The novel is printed with big type font, wide spacing and an overall cinematic and trendy style - it makes it an easy and entertaining read in the midst of the ugliness. I don't think it is as beautiful as many critics found it and although it is good I can't believe this will stand up as Great Art in 50 years time. Maybe I should try Blood Meridian which I heard would be McCarthy's magnum opus....?

Not sure how I can reach 50 books within the 75-80 days that are left of 2011. I am parallel reading a few books now and will probably add 4 or 5 within October but 50 before year end looks very difficult.
post #149 of 1998
I didn't read the Road and wouldn't see the movie.
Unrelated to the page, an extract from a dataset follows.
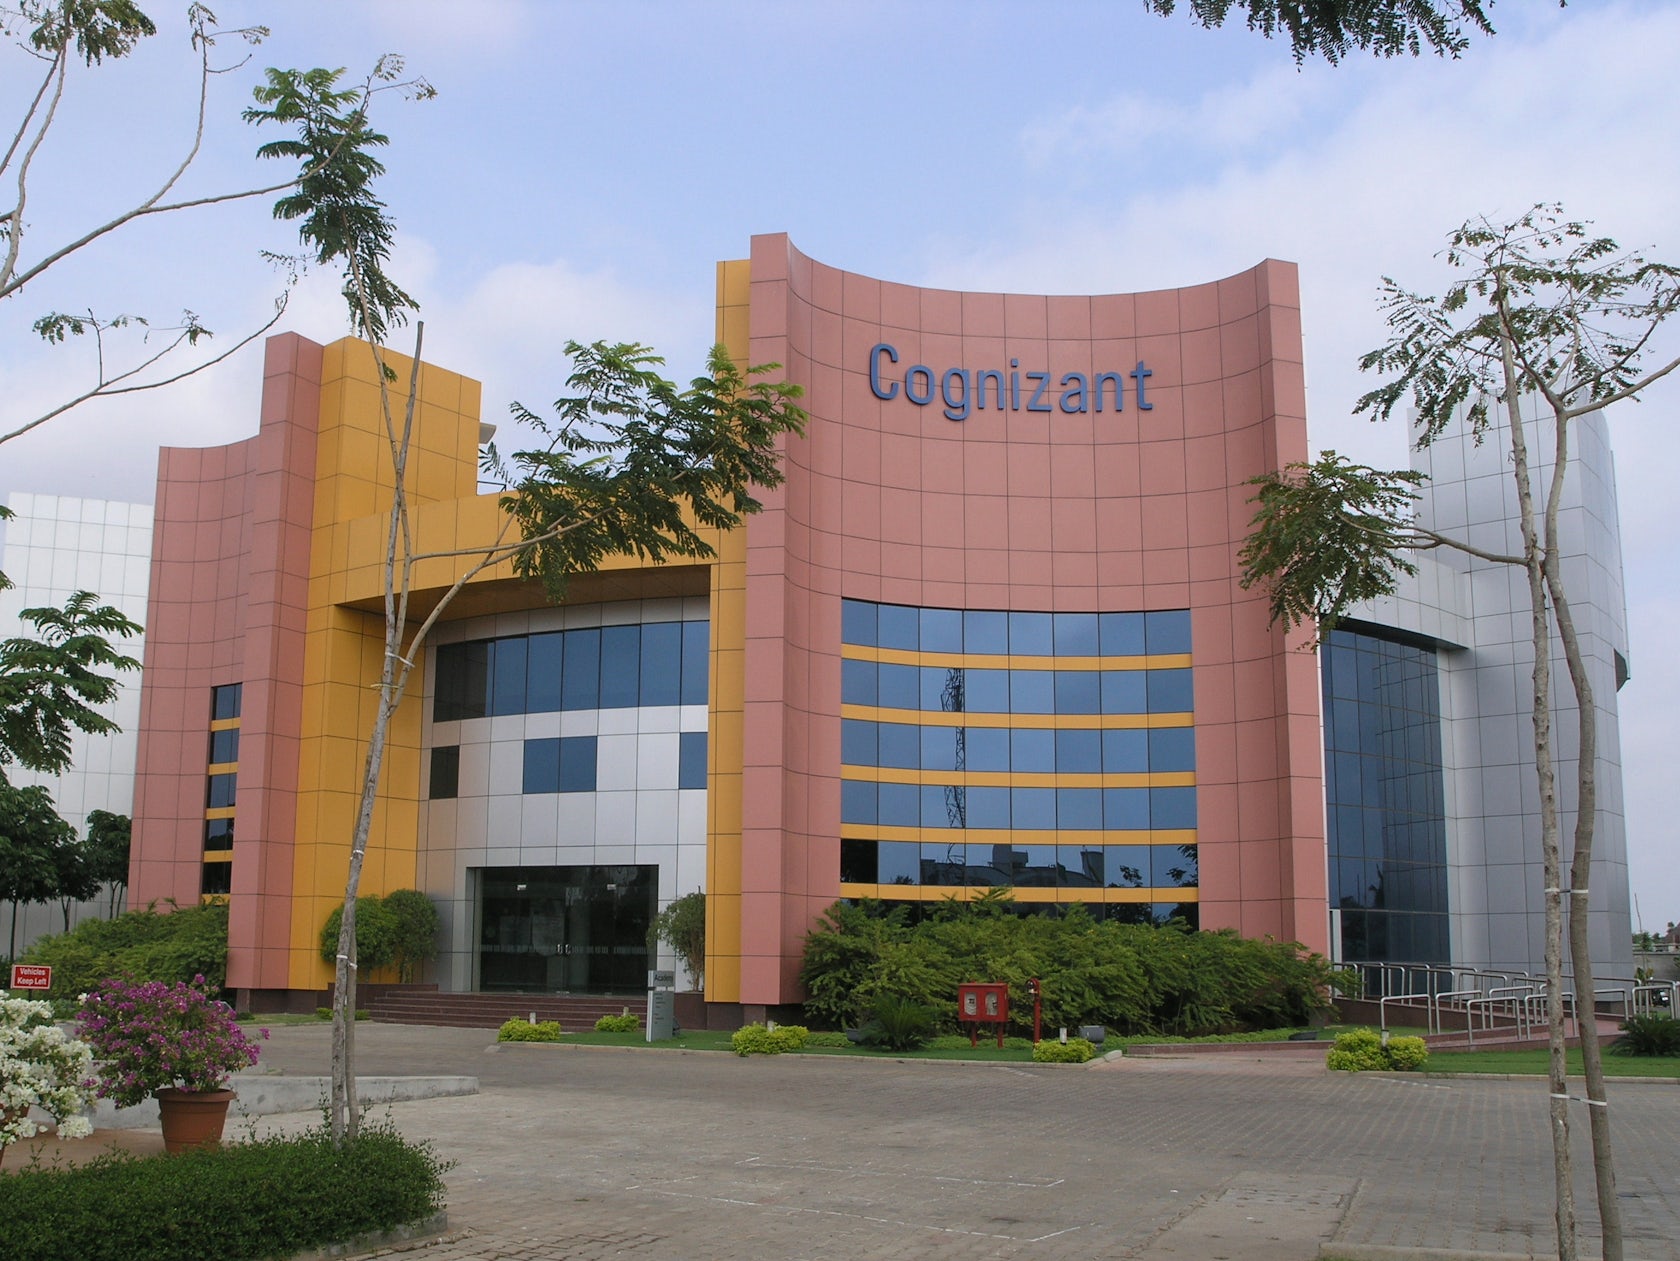 Cognizant thoraipakkam office address cognizant technology solutions pune hinjewadi phase 2 address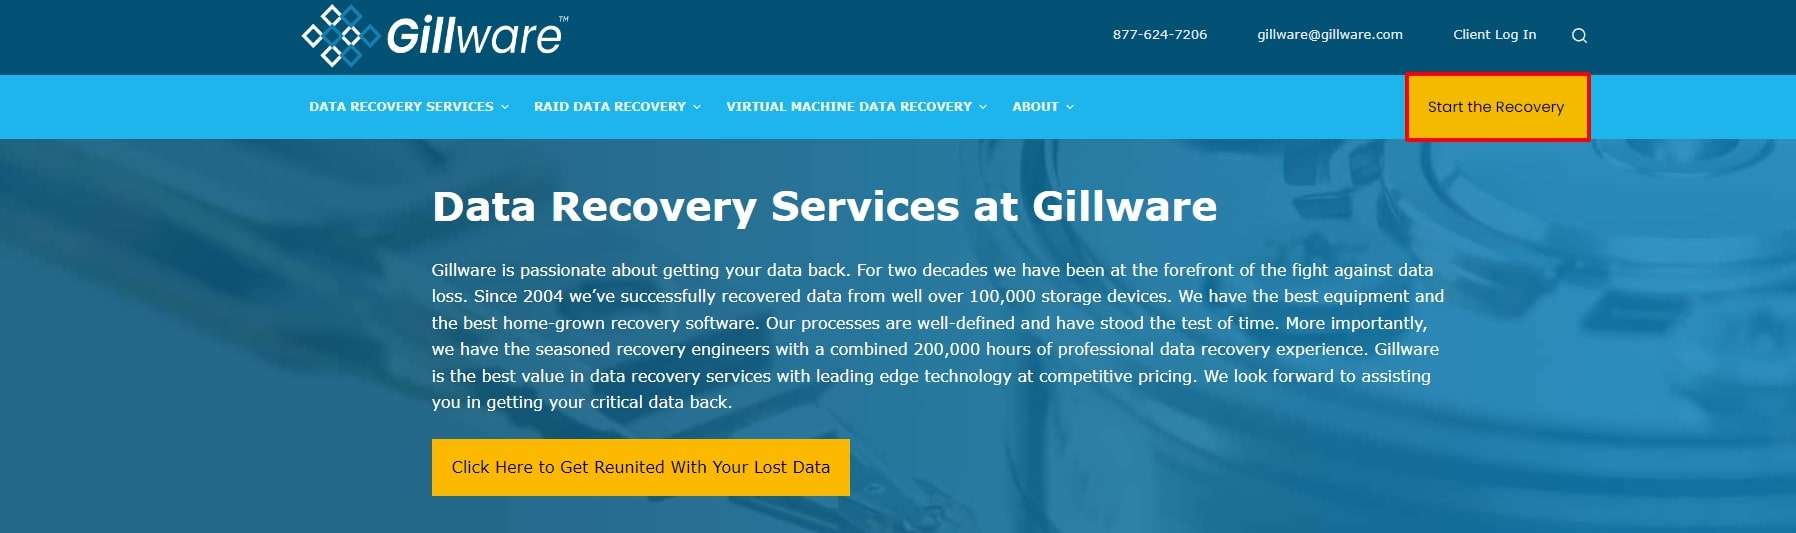 Applicazione di recupero dati Gillware

Blood Meridien is supposed to be his Magnum Opus, but I thought NO COUNTRY for Old Men to be a little better.

Read some shorter, but classic books. I'm doing it here and there; I'm definitely OK with it.

The Pearl by Steinbeck is a great read, as is The Old Man and the Sea.

The Picture of Dorian Gray is probably the best of the bunch. And Fahrenheit 451 is great too.

I'm planning on reading Human Comedy and All Quiet on the Western Front...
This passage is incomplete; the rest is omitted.